• _WORK REQUEST_
Every record that follows must be duplicated exactly, with images left out.

Collected data entries:
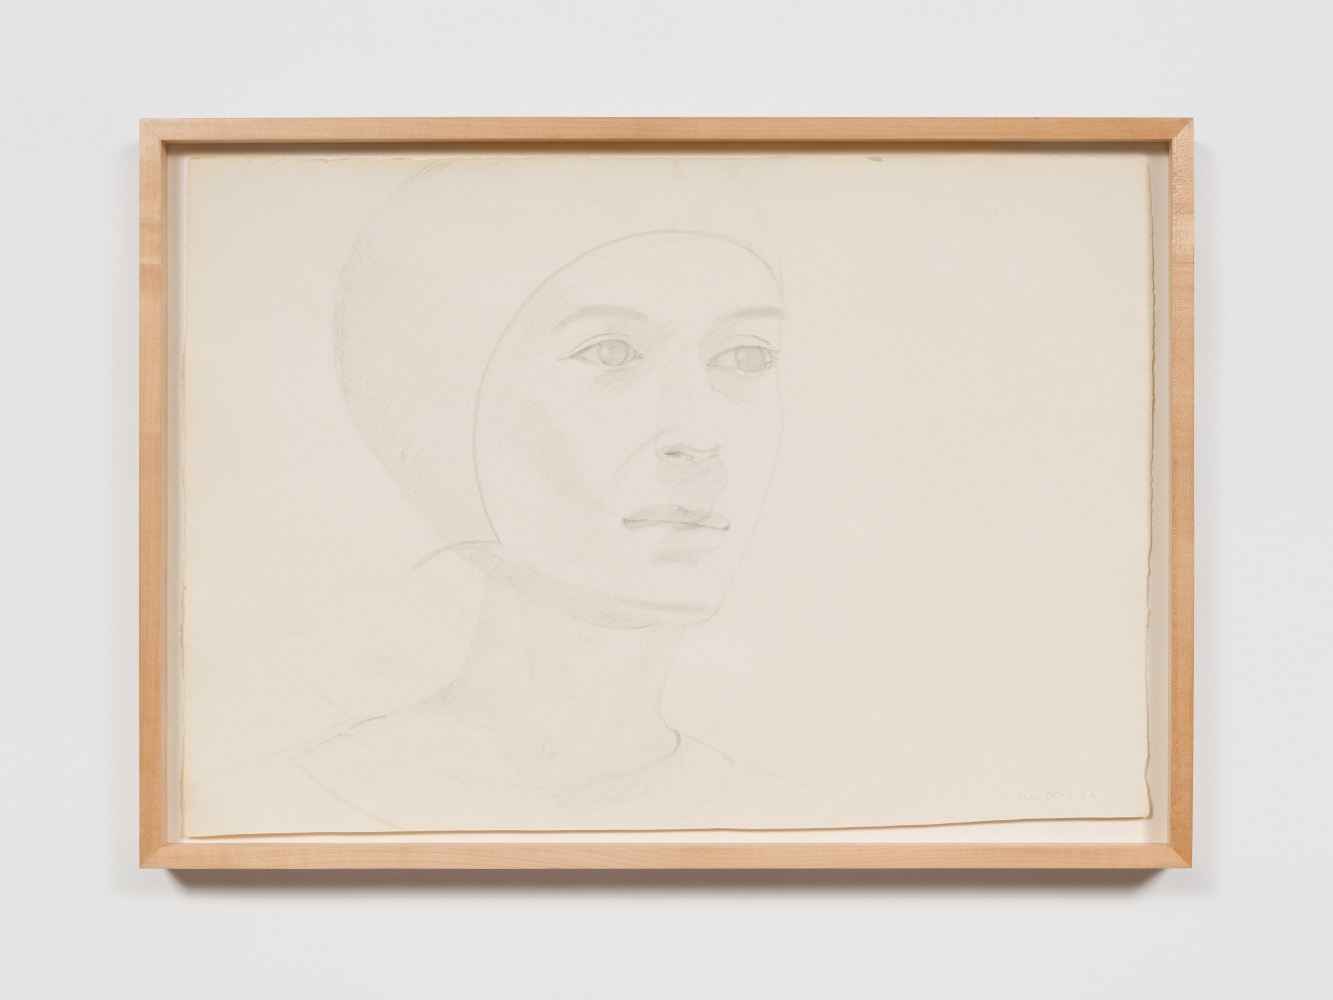 Alex Katz
Bathing Cap, 1984

pencil on paper

15 3/4 x 22 1/2 in. / 40&amp;nbsp;x 57.2 cm
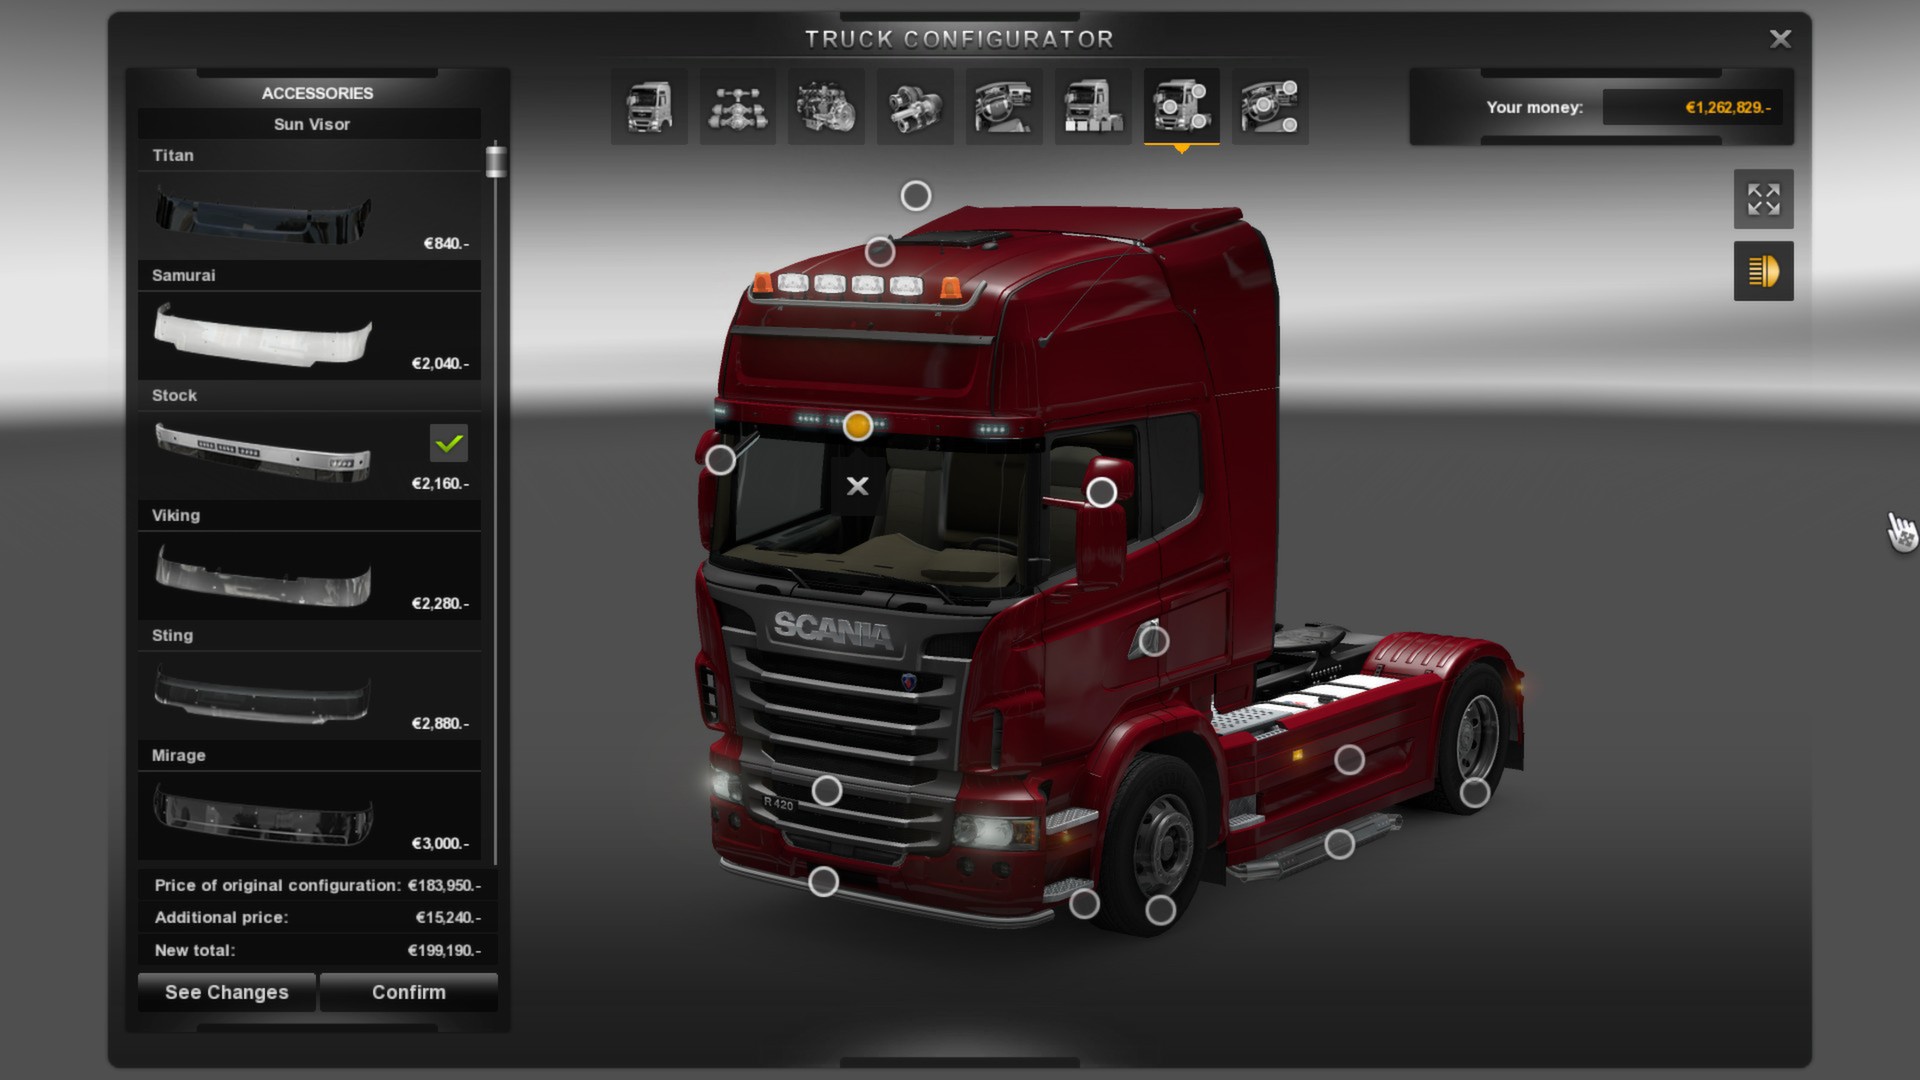 Gaming Live Euro Truck Simulator 2 : 1/2 : Sur la route 
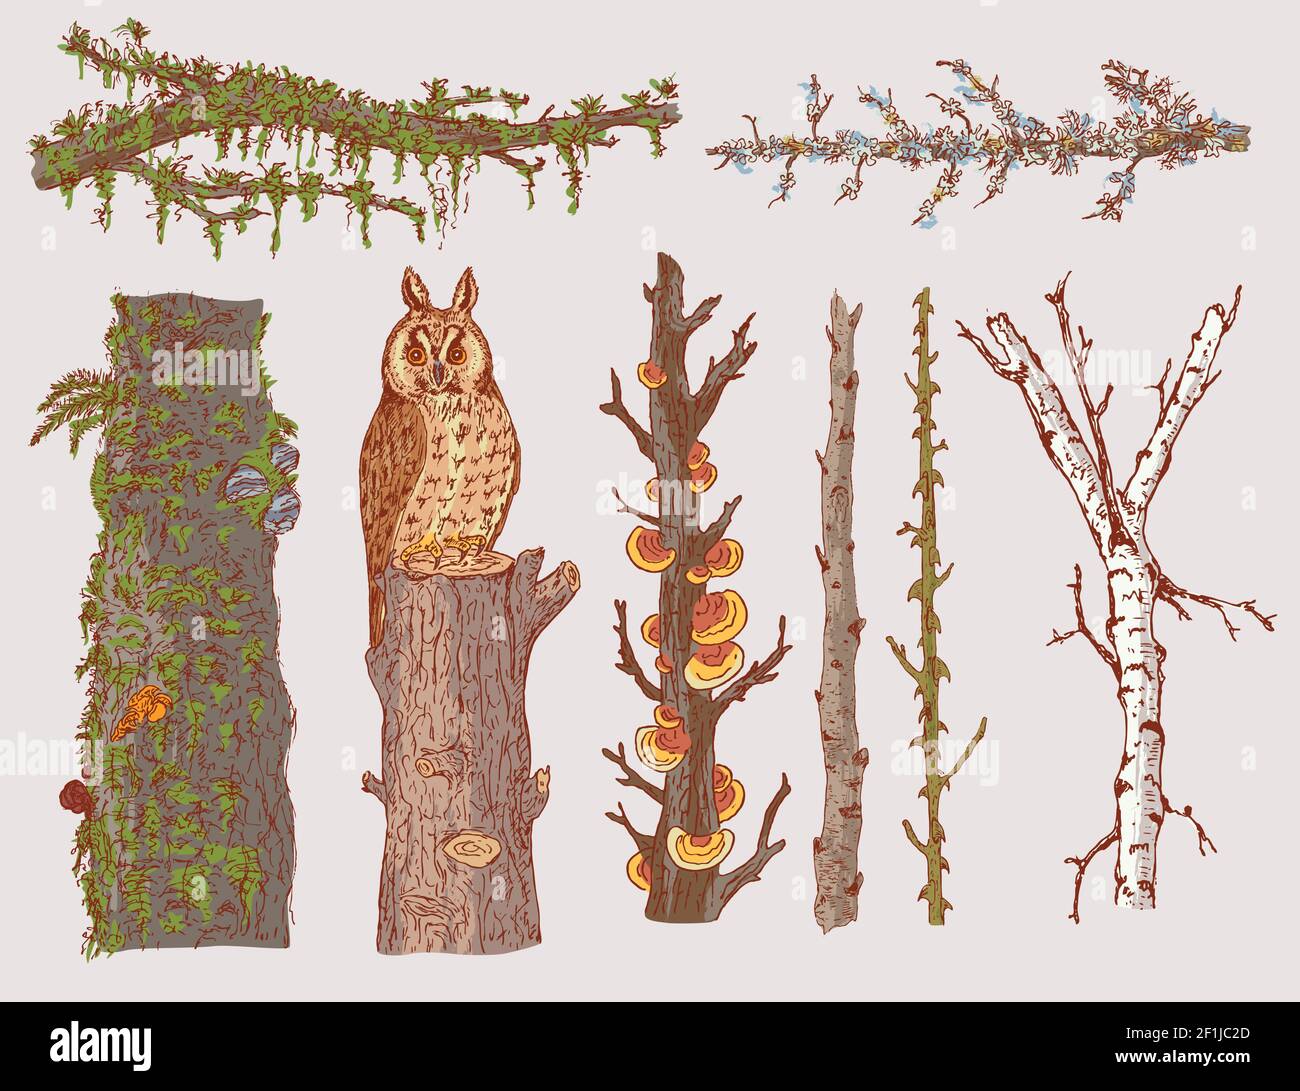 Handgezeichnete Waldbäume mit natürlichen Ästen Stämme und gesetzt Eule sitzt auf Stumpf isoliert Vektor-Illustration Stock Vektor

• _OUTPUT_
 Alex Katz
Bathing Cap, 1984

pencil on paper

15 3/4 x 22 1/2 in. / 40&amp;nbsp;x 57.2 cm
 Gaming Live Euro Truck Simulator 2 : 1/2 : Sur la route 
 Handgezeichnete Waldbäume mit natürlichen Ästen Stämme und gesetzt Eule sitzt auf Stumpf isoliert Vektor-Illustration Stock Vektor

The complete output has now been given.